Column for August 13, 2006: Call a professional

When in doubt, call a professional

I confess I had occasionally pictured this scene in my head — the climactic movie-moment when the world-weary paterfamilias — who would, of course, be played by me — passes on his lifetime’s worth of hard-won wisdom to the next generation. In the image that played in my head, however, I didn’t deliver those lines flat on my back on a bench while my eldest son hovered above me, pouring endless bottles of water over my face.

It all began with a puff of wispy white smoke. While white smoke may be providential when selecting the next pope, it seems somewhat less promising when that smoke — preceded by a popping sound — emanates from under the hood of the car we’d counted on to do its usual yeoman-service during the first-born’s summer sojourn from Vancouver.

We thought we had it figured out. There was a house, a cottage, two cars and a bicycle to share among three adults with wildly different schemes and schedules. It could work.

But then came the pop and the puff and the car that wouldn’t start with the battery that wouldn’t take a charge that ended up — on the afternoon of the evening of the son’s arrival — sitting by the side of a dirt road next to some garbage bins.

Perhaps we could rent a second car? It was, of course, the beginning of the busiest two weeks of the summer travel season, and there were no cars to rent at a daily rate much less than the sticker price of a new SUV.

When in doubt, call a professional.

“It’s your alternator,” the Halifax car dealer sagely informed my wife without even seeing the car. And, of course, it was. That’s why you call a professional. So, after driving into the city in the other car to pick up our son and buying the necessary parts, we hurried back to our cottage in the middle of the middle of Nowhere, Nova Scotia, to look for a mechanic who made house calls. He was easier to find than you might expect. And cheaper too.

Problem solved. Like I said, call a professional.

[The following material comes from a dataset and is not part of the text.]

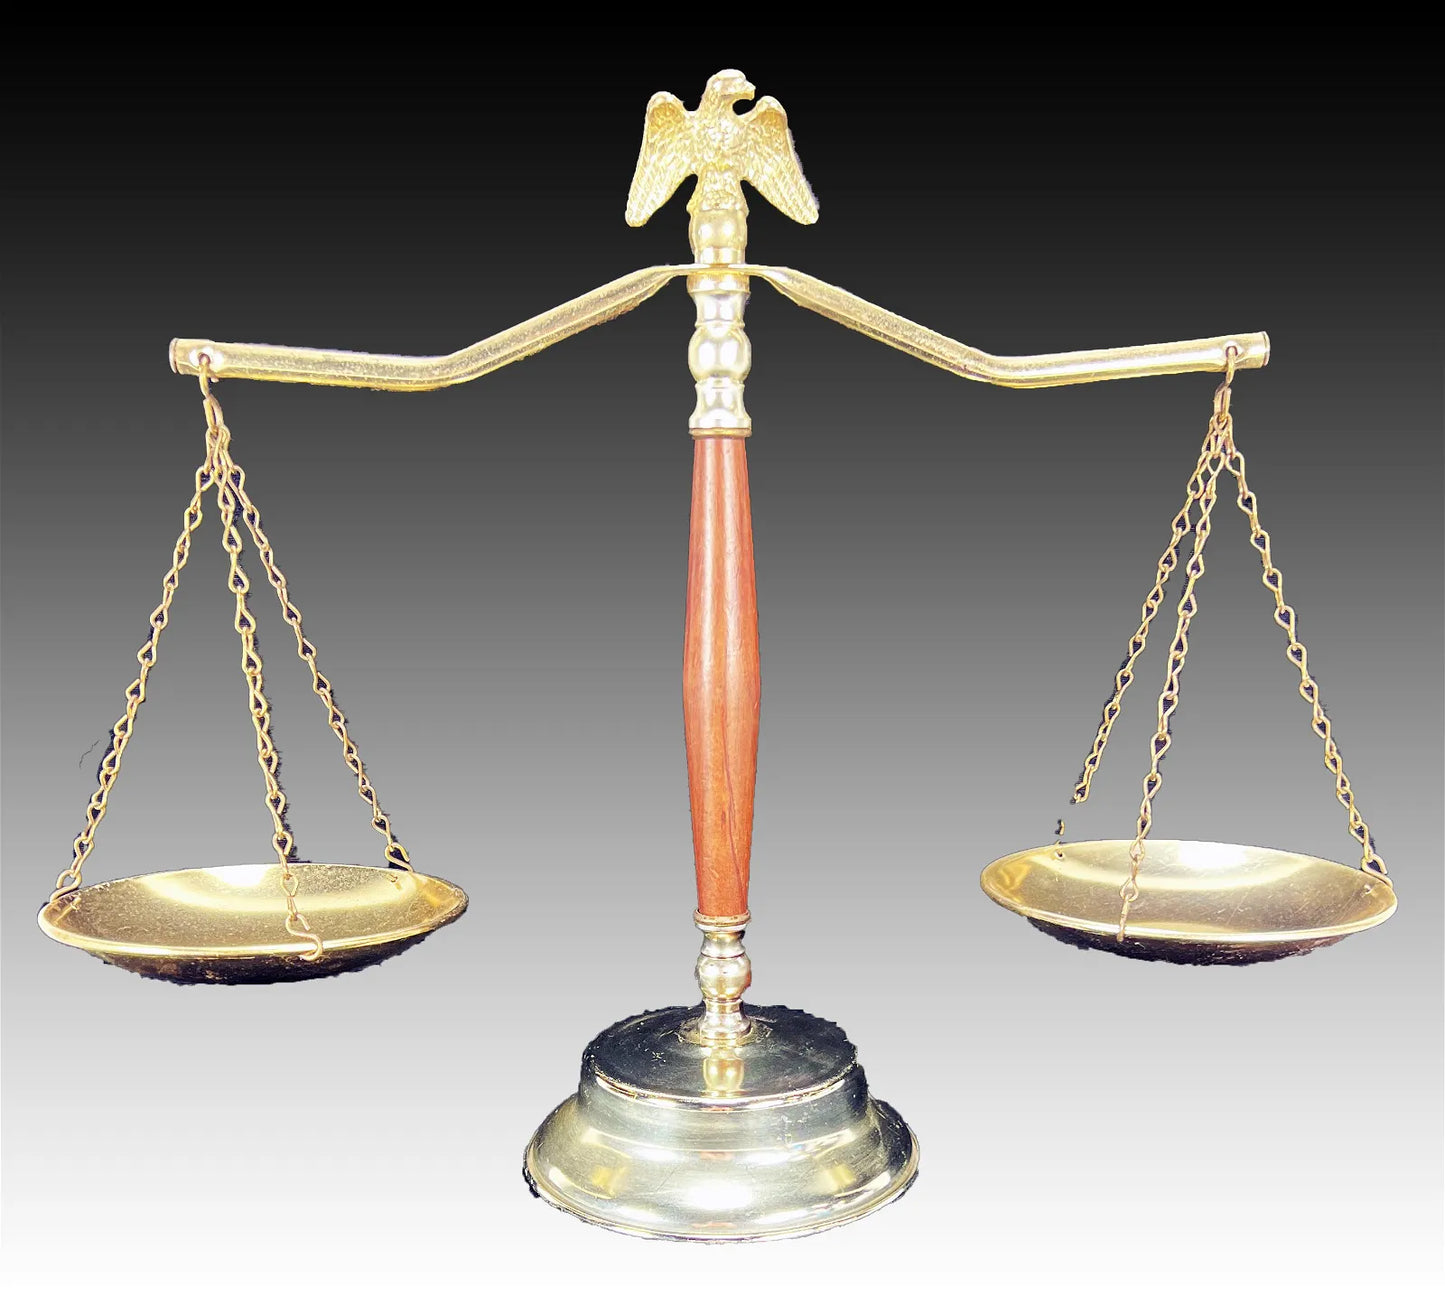 DECORATIVE SCALES OF JUSTICE

But then there was this other, unrelated problem. Or related only in the sense that anything that can go wrong during a Kimber family reunion invariably will.

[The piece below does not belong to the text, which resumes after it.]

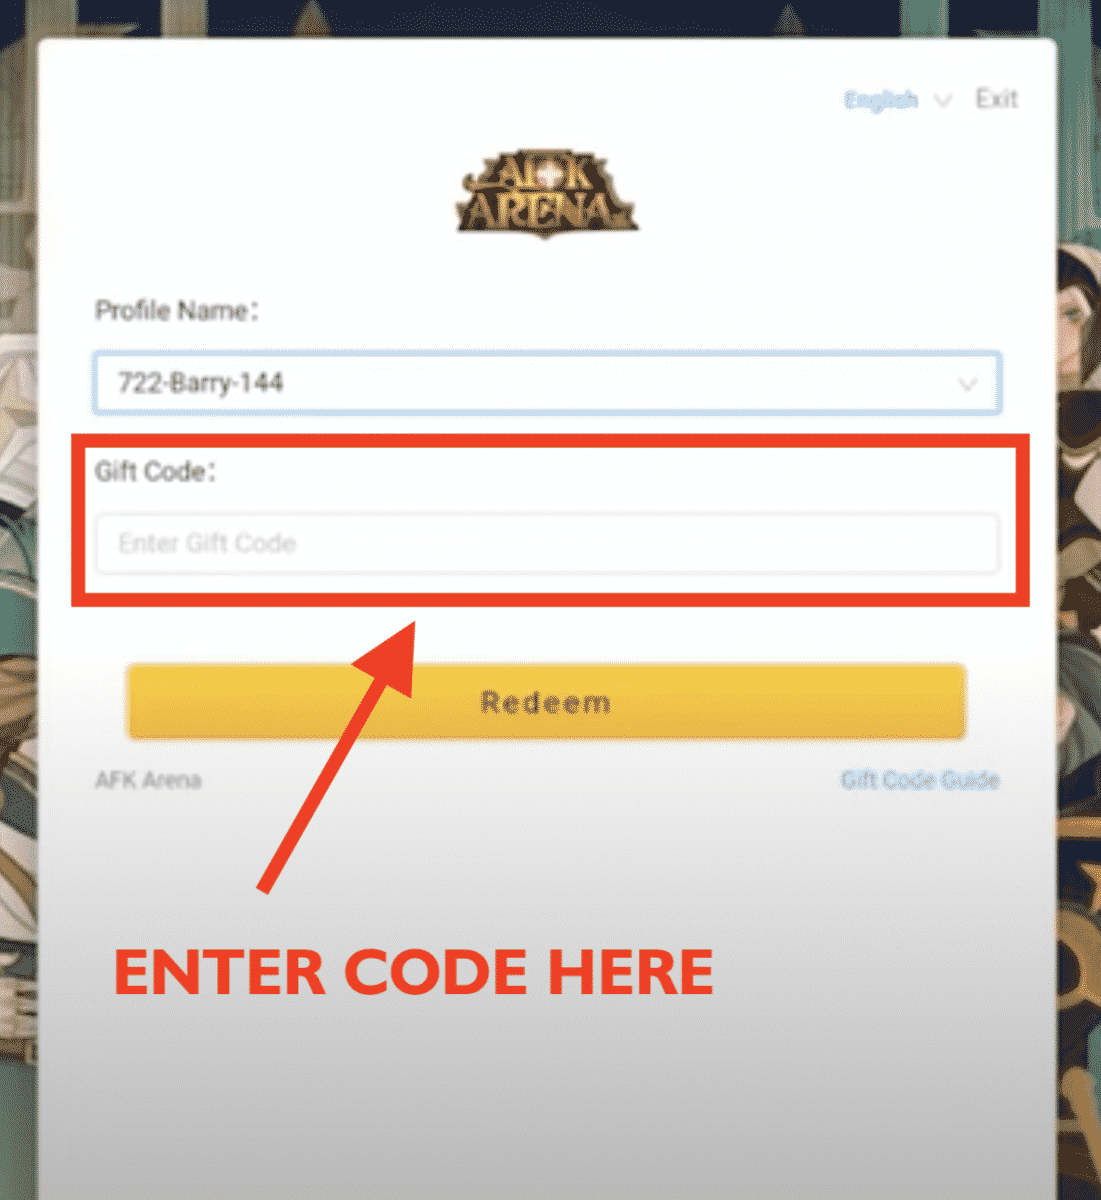 AFK Arena Where to Redeem Code

We’d been having problems with the quality of our well water at the cottage so — being ever unhandy about the house — I once again called in a professional. The plumber agreed to meet us the next morning to install something called a “whole-house UV water filtration system.”

Which he did. And a beautiful thing it is too.

But there’d been this huge thunder and lightning storm the night before he came. It knocked out power to the cottage. No problem, said the plumber. We can install the system without electricity and then I’ll show you how to chlorinate the pipes and test it, so you can do it yourself after the electricity comes back on. OK?

Uh… OK. Close to a day and a full freezer-melt later — not to mention a mind-numbingly pleasant afternoon by the lake — the power was restored. Which is when I tried to remember the plumber’s post-doctoral treatise on what I was supposed to do. I should have written it down.

I did manage to get the industrial-strength bleach in the pre-filter. I ran the water pump, as instructed, until I smelled the telltale chlorine from each tap, and then I waited, patiently, for the bleach to do its bleaching.

This isn’t really so difficult, I thought. Which is almost always the wrong thought.

My next task was to remove the pre-filter, empty it and… was that a slight discoloration in the water at the bottom of the filter?… Leftover bleach? Should that be there? I bent down to look and… oops. My hand slipped, the liquid splashed back and…Arrgh!! My eye!!!

“I believe,” I calmly explained to my wife and son after I’d stumbled blindly up the stairs to where they were relaxing on the deck, “I may have a small problem.”

Soon I was flat on my back on the bench on the deck staring up at my son who was gleefully emptying bottles of water in my eye while my wife made the requisite call to the emergency room at the Bridgewater hospital where I would, several hours later, be declared healthy but dumb for not wearing safety goggles when mucking about with bleach.

Despite the pain — did I mention the pain? — I actually did manage to pass on some hard-earned, father-knows-best advice to my son. “Always remember,” I said, squinting up at him, “hire a professional.”

And with that, he poured yet another bottle of water in my face.